Professor Jones provided a simulation modeling customers’ decisions to purchase jewelry, including probabilities for each variable. I enhanced this simulation by incorporating real-world salary data, linking the probabilities to customers’ salary levels. While the probabilities themselves remain unchanged, they now apply specifically to customers who have decided to make a purchase, adding a layer of realism to the model.

=IF(D3="BUY",IF(A3<$Q$12,IF(RAND()<0.7,"custom","pre-existing"),IF(RAND()<0.2,"custom","pre-existing")),"-")

Final Simulation

Starting from individual salaries, the simulation tracks the time spent in each jewelry process and the customer’s purchasing decision.

General Statistics Across Salary Ranges

Statistical Analysis

Original Data: Using the fixed statistics from one of the simulation and generating testing data.

Simulated Data: Using the active statistics from the simulation and generating testing data.
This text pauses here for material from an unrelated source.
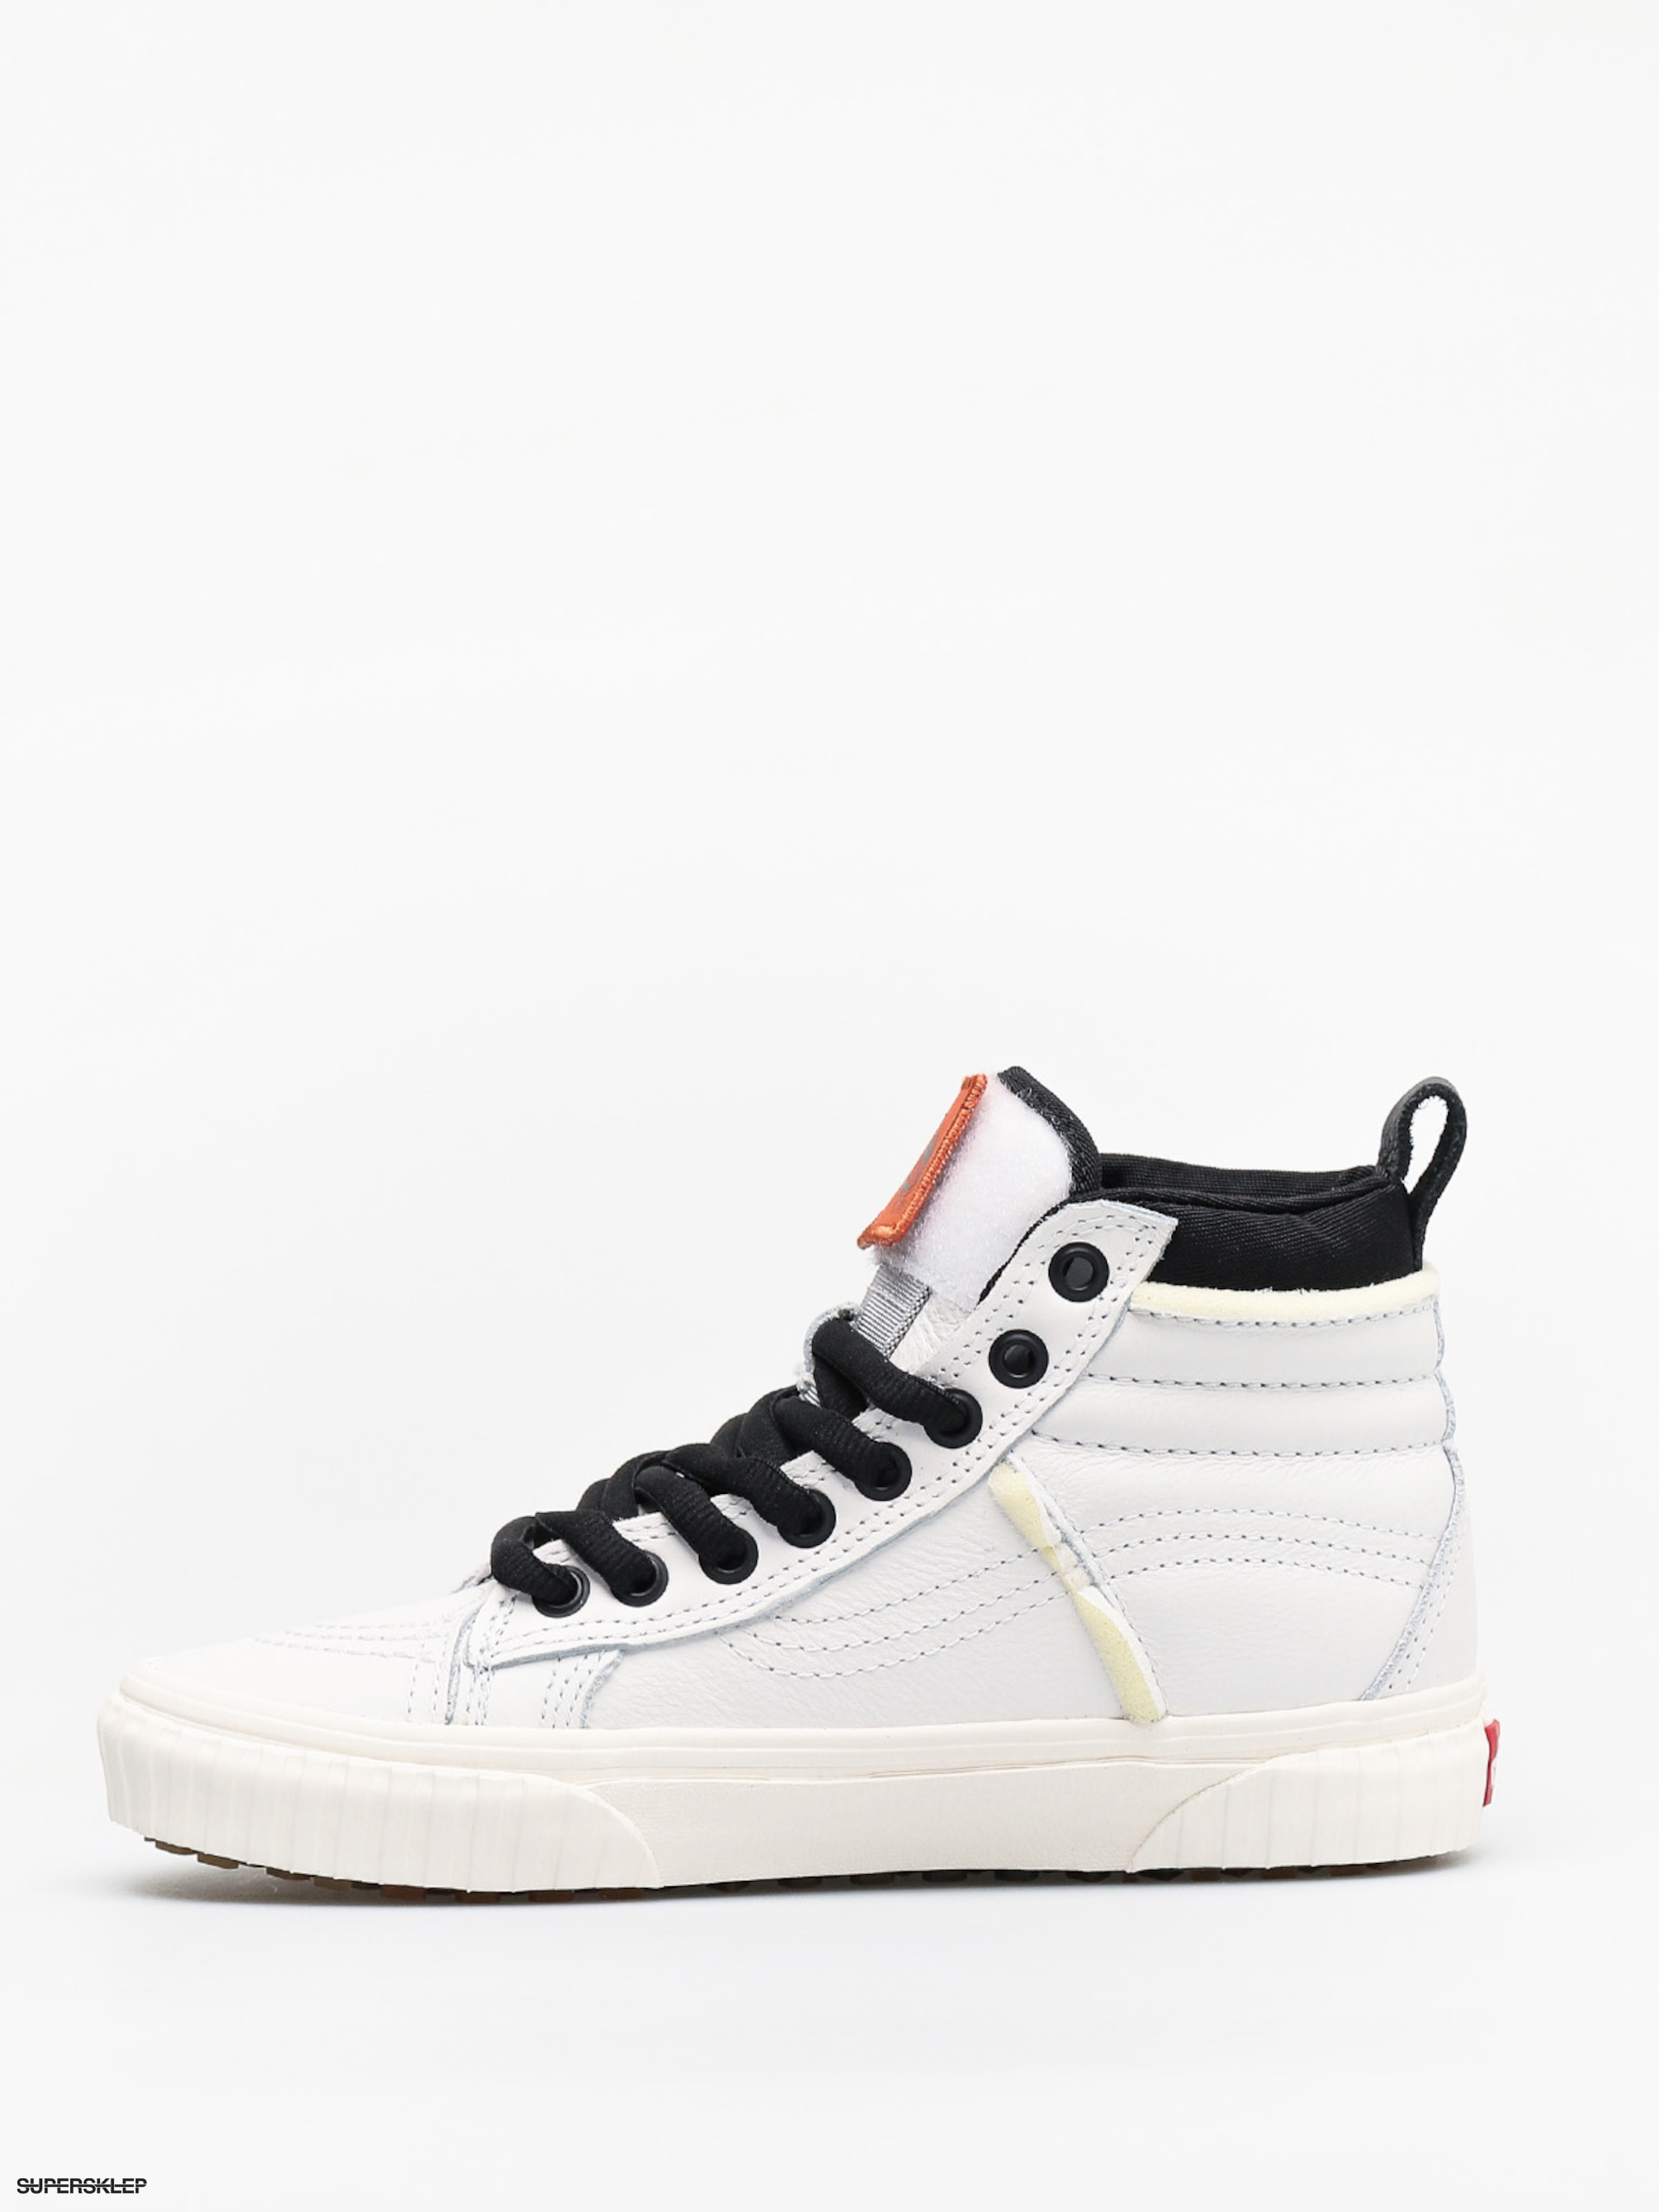 Vans Sk8 Hi Mte Space Voyager Shoes (nasatrue whiteblack)

#1 The Result in the Change of Parameters

Scenario 1:

If we were to purchase a new computer-controlled reductive-manufacturing platform capable to reducing the metal-working time to build a new custom piece by an average of two days and cutting the standard deviation in half, will it make a significant difference in the total time to produce our jewelry?

Observe:

By reducing the average day of wait for metal work 2 days, the entire graph shafted to the earlier days making it to have significant difference

Scenario 2:

If we were to hold more gemstones in inventory, reducing the need to order and wait by 50%, will this make a significant difference in the total time to produce our jewelry?

Observe:

By reducing the average day of wait for metal work 2 days, the entire graph shafted to the earlier days making it to have significant difference

Scenario 3:

If the probability of customer choosing custom or pre-existing design change, will it make significant difference? (customer with salary less than $105,000, now will have 10% chance to choose custom design)

Observe:

This change will influence customers’ decisions on design work, leading them to choose more pre-existing designs. From a logical standpoint, the availability of more pre-existing design choices reduces the customer wait time for their final product.

As a result, significant differences arise when the customer’s decision changes. Also, from the distribution graph, it is clear that the early wait time has increased, while the later wait time has reduced, indicating that more customers are now receiving their products faster.